• [ASSIGNED TASK]
In the data below, restate exactly the lines from the one with "Green Hygiene® ROLF" to the final line, both included, but not the pictures.

• [DATASET CONTENT]
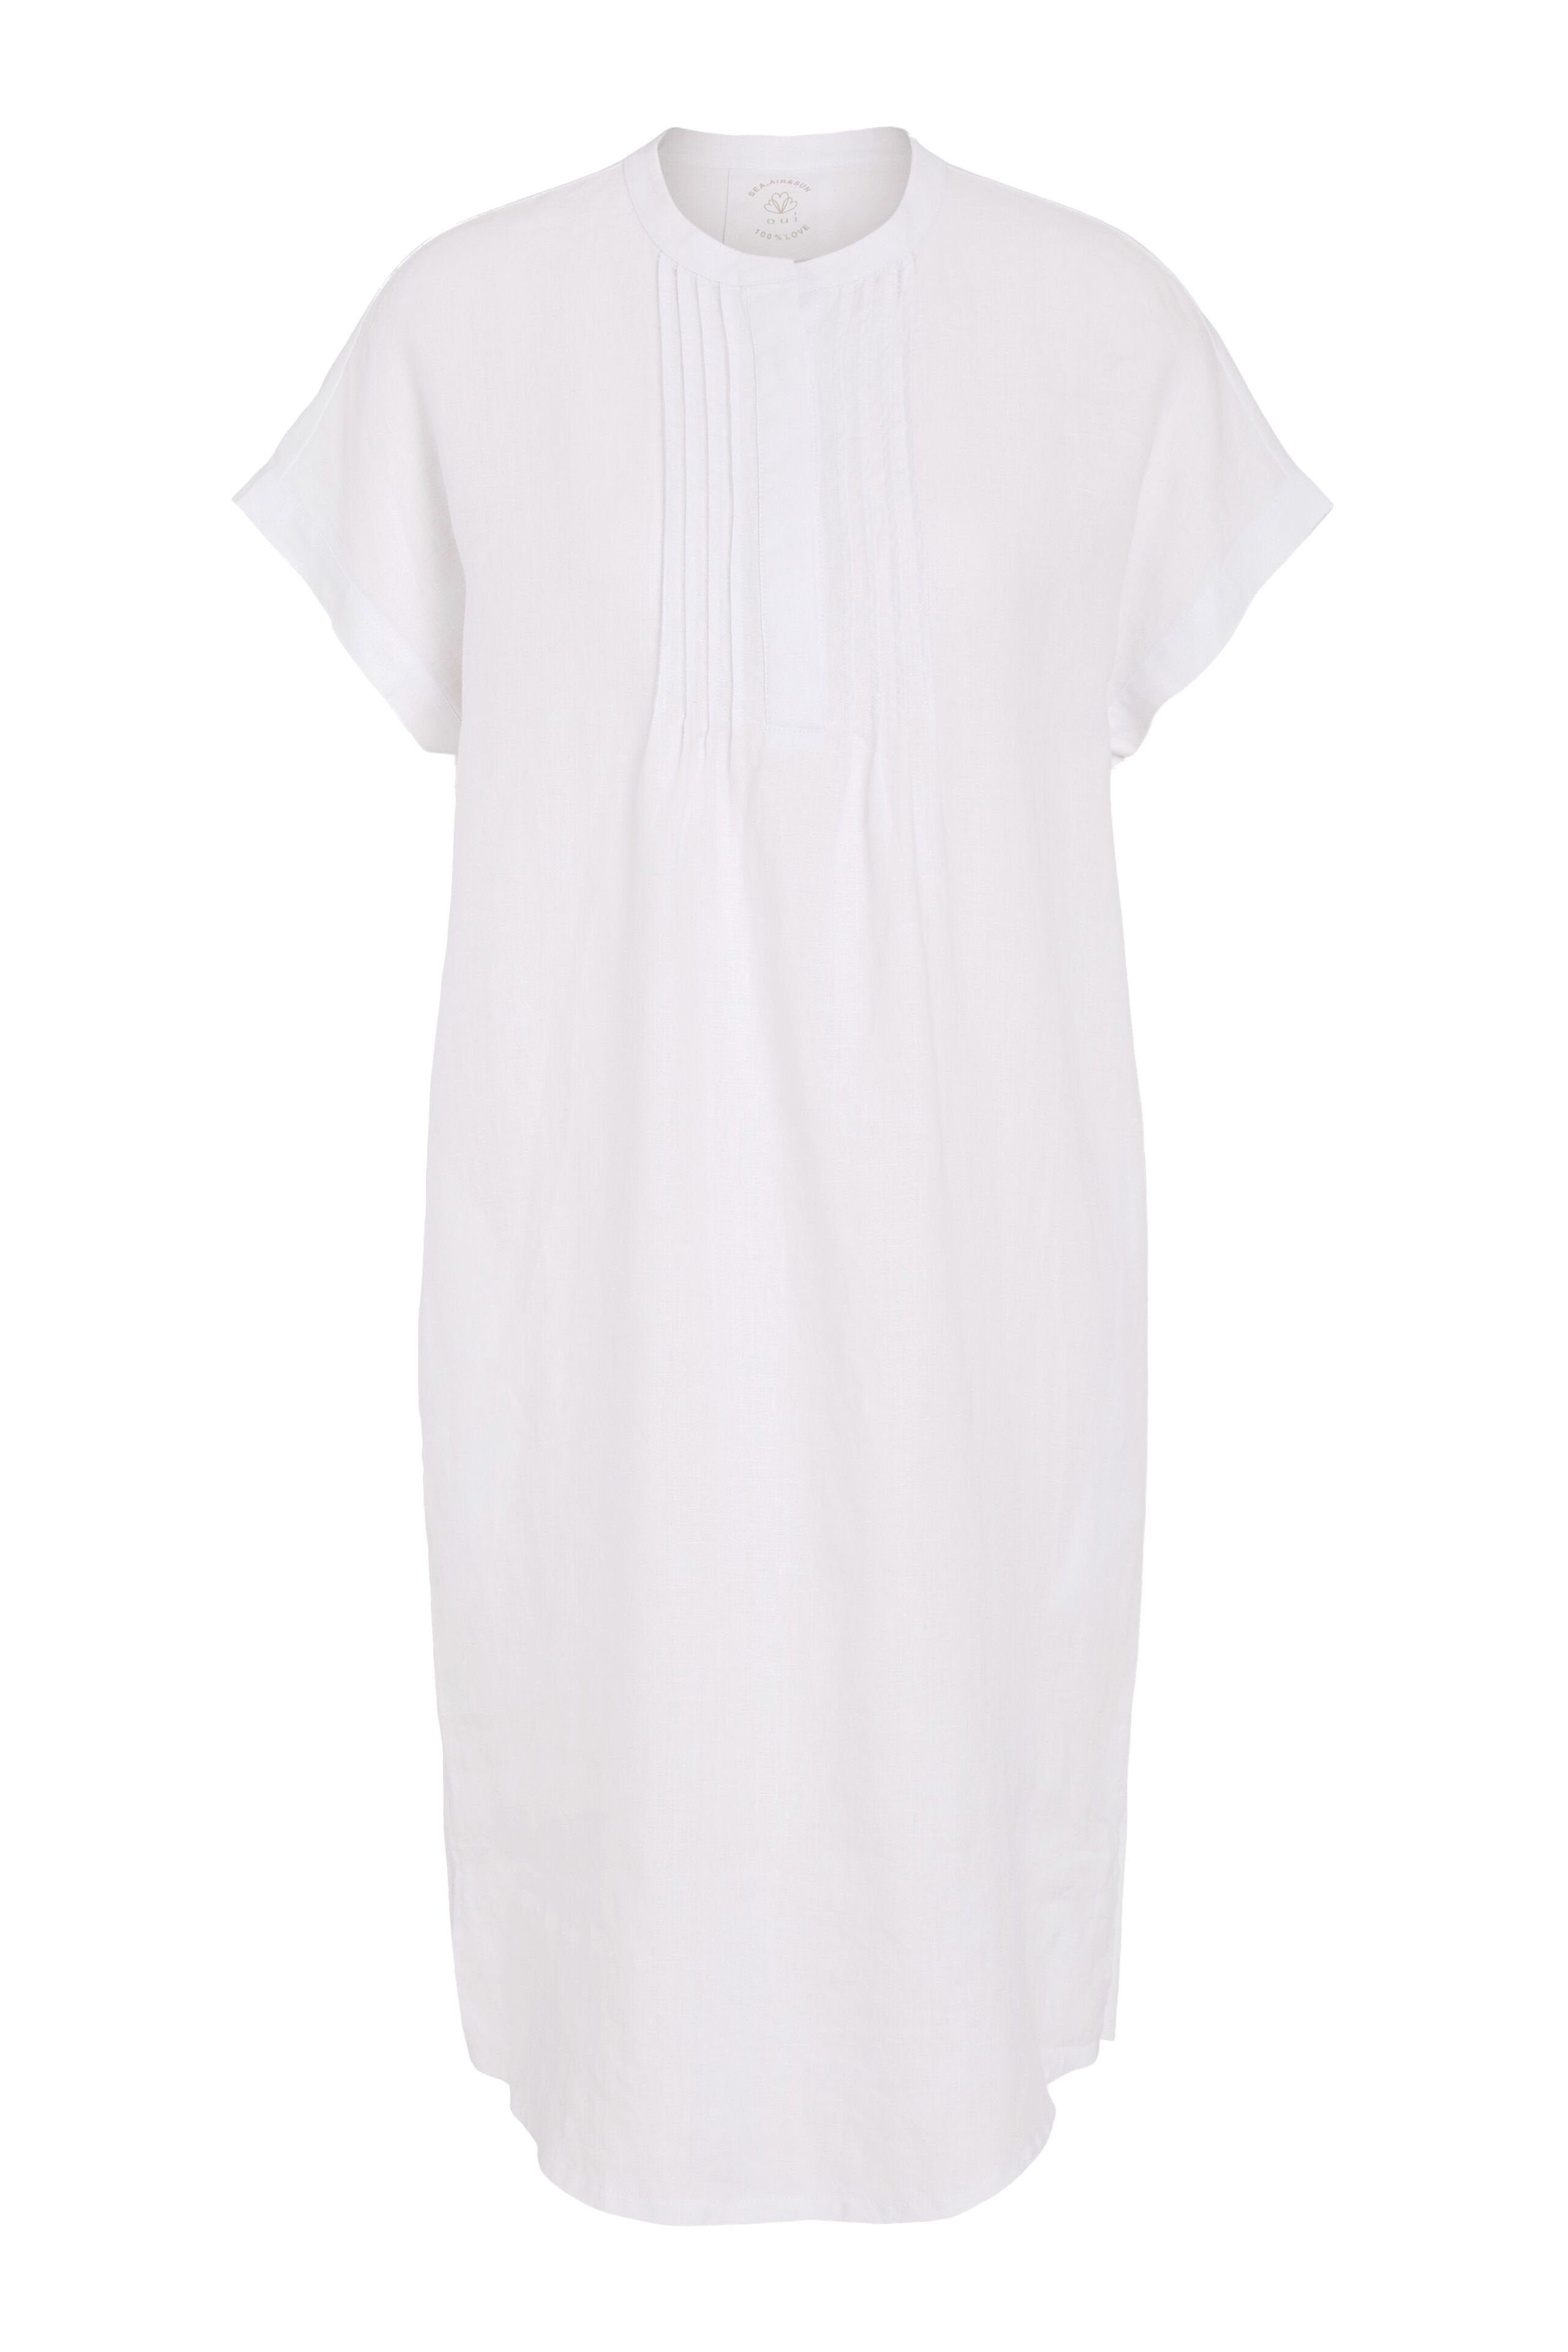 Oui Sommerkleid Leinenkleid mit Jersey Patch optic white
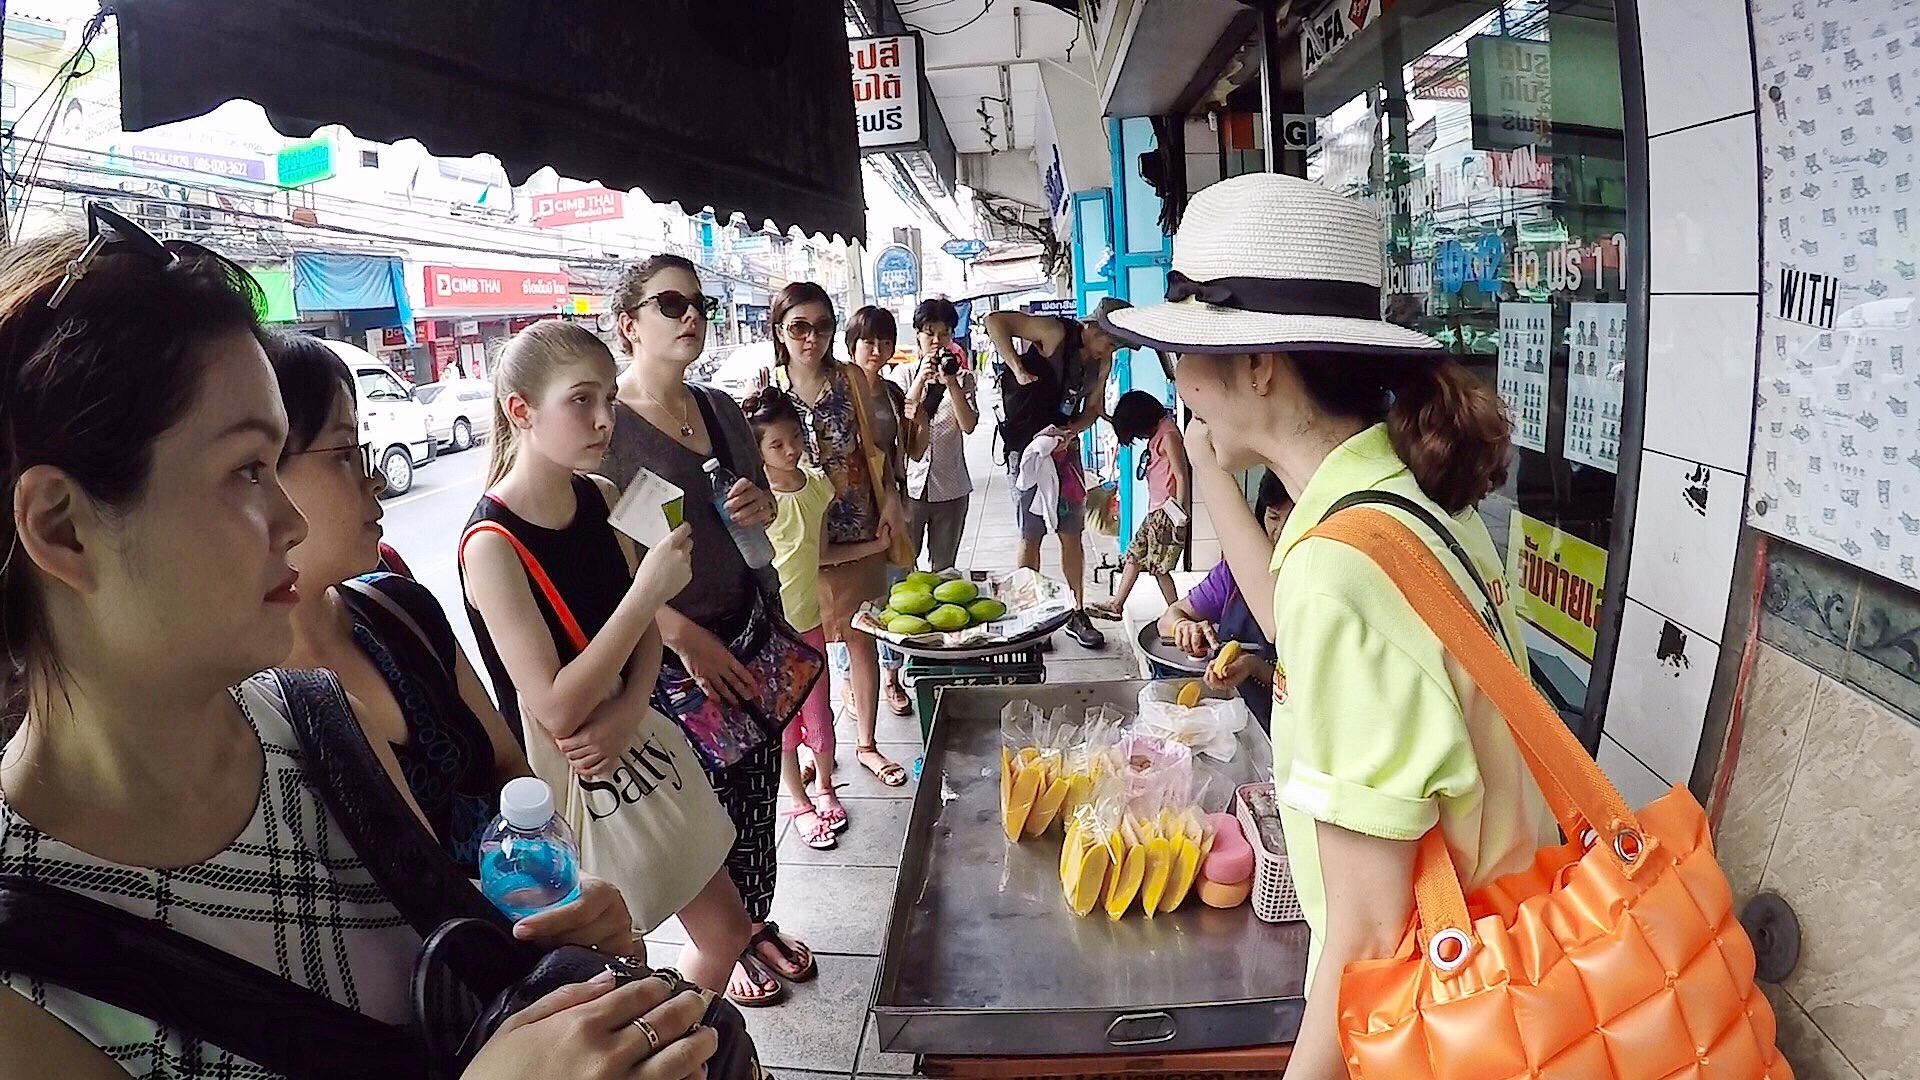 Bangkok Food Tours
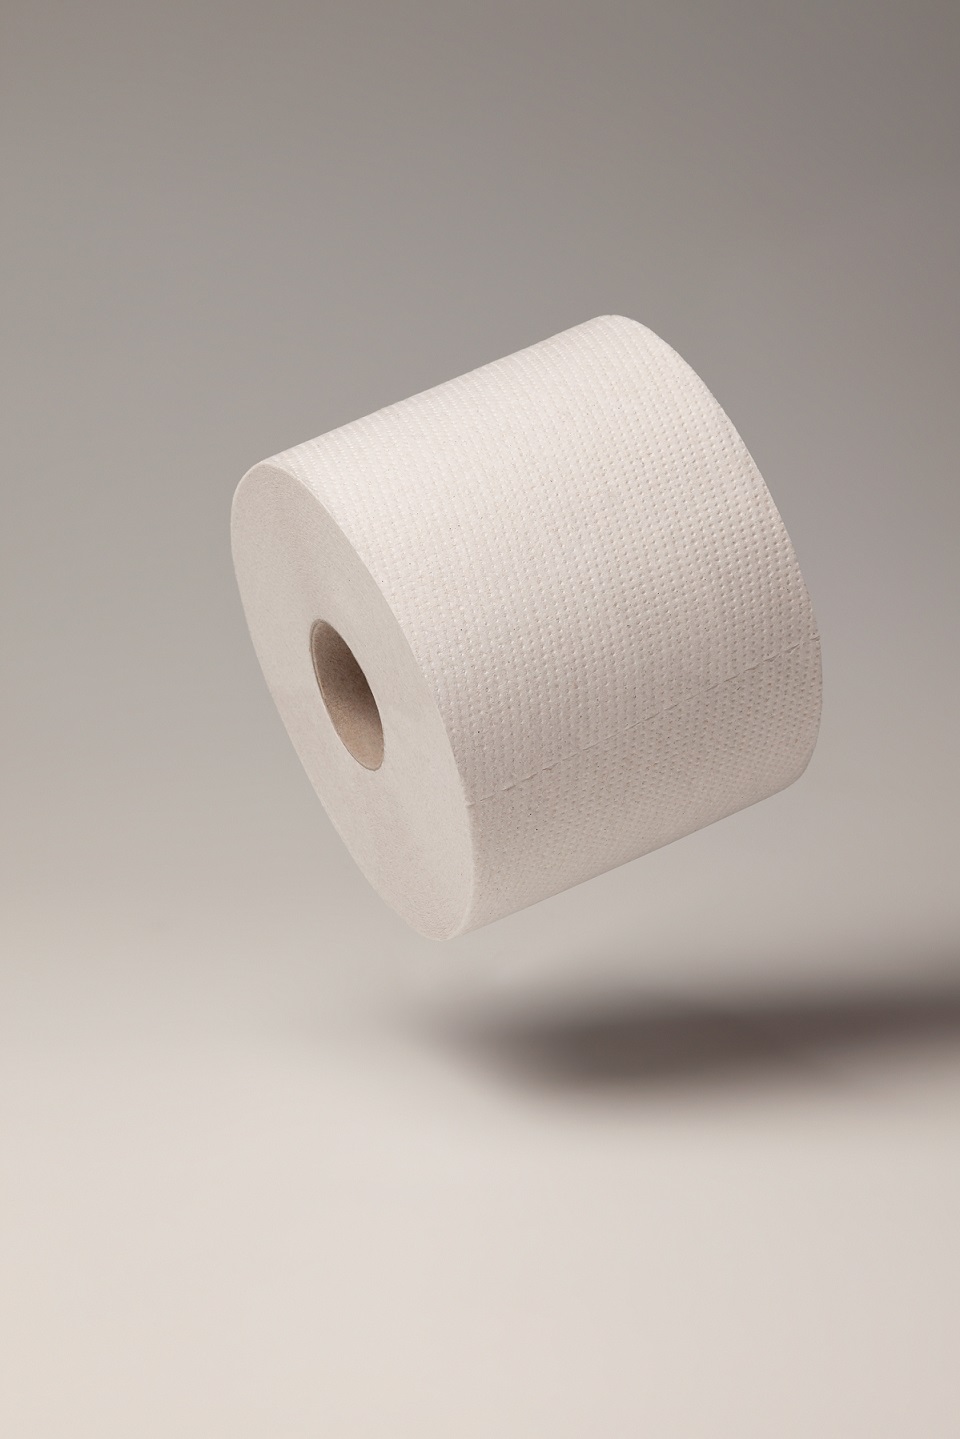 Green Hygiene® ROLF Toilettenpapier Kleinrolle, 2-lagig
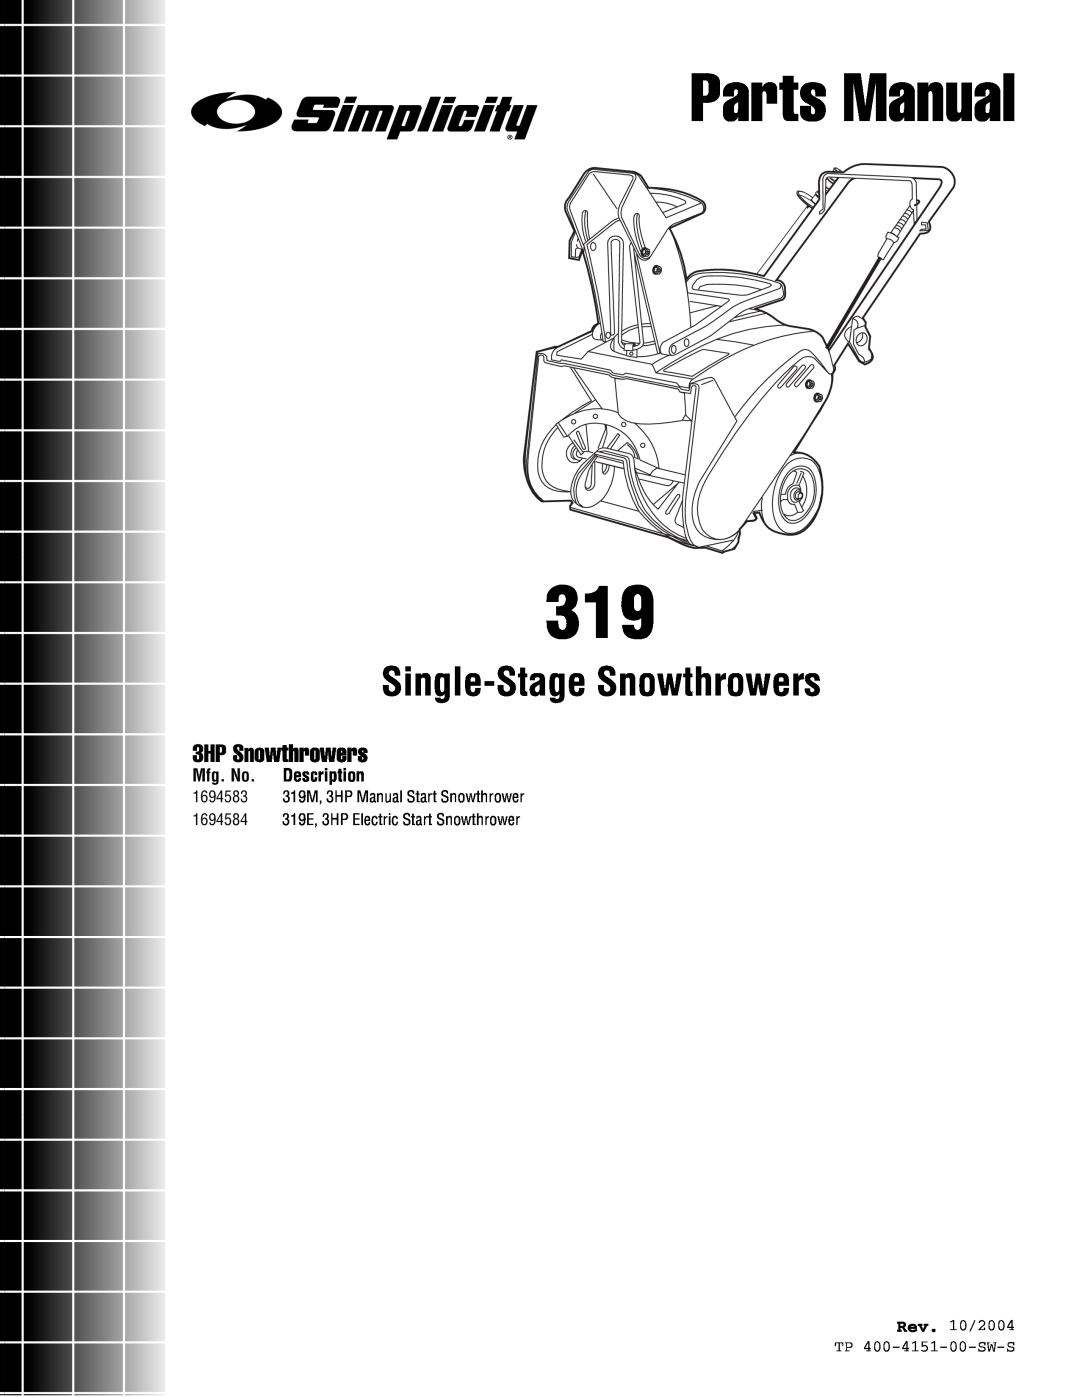 Simplicity 319E manual Mfg. No. Description, Rev. 10/2004 TP 400-4151-00-SW-S, Parts Manual, Single-StageSnowthrowers

• [RESPONSE TO THE EXERCISE]
 Green Hygiene® ROLF Toilettenpapier Kleinrolle, 2-lagig
 Simplicity 319E manual Mfg. No. Description, Rev. 10/2004 TP 400-4151-00-SW-S, Parts Manual, Single-StageSnowthrowers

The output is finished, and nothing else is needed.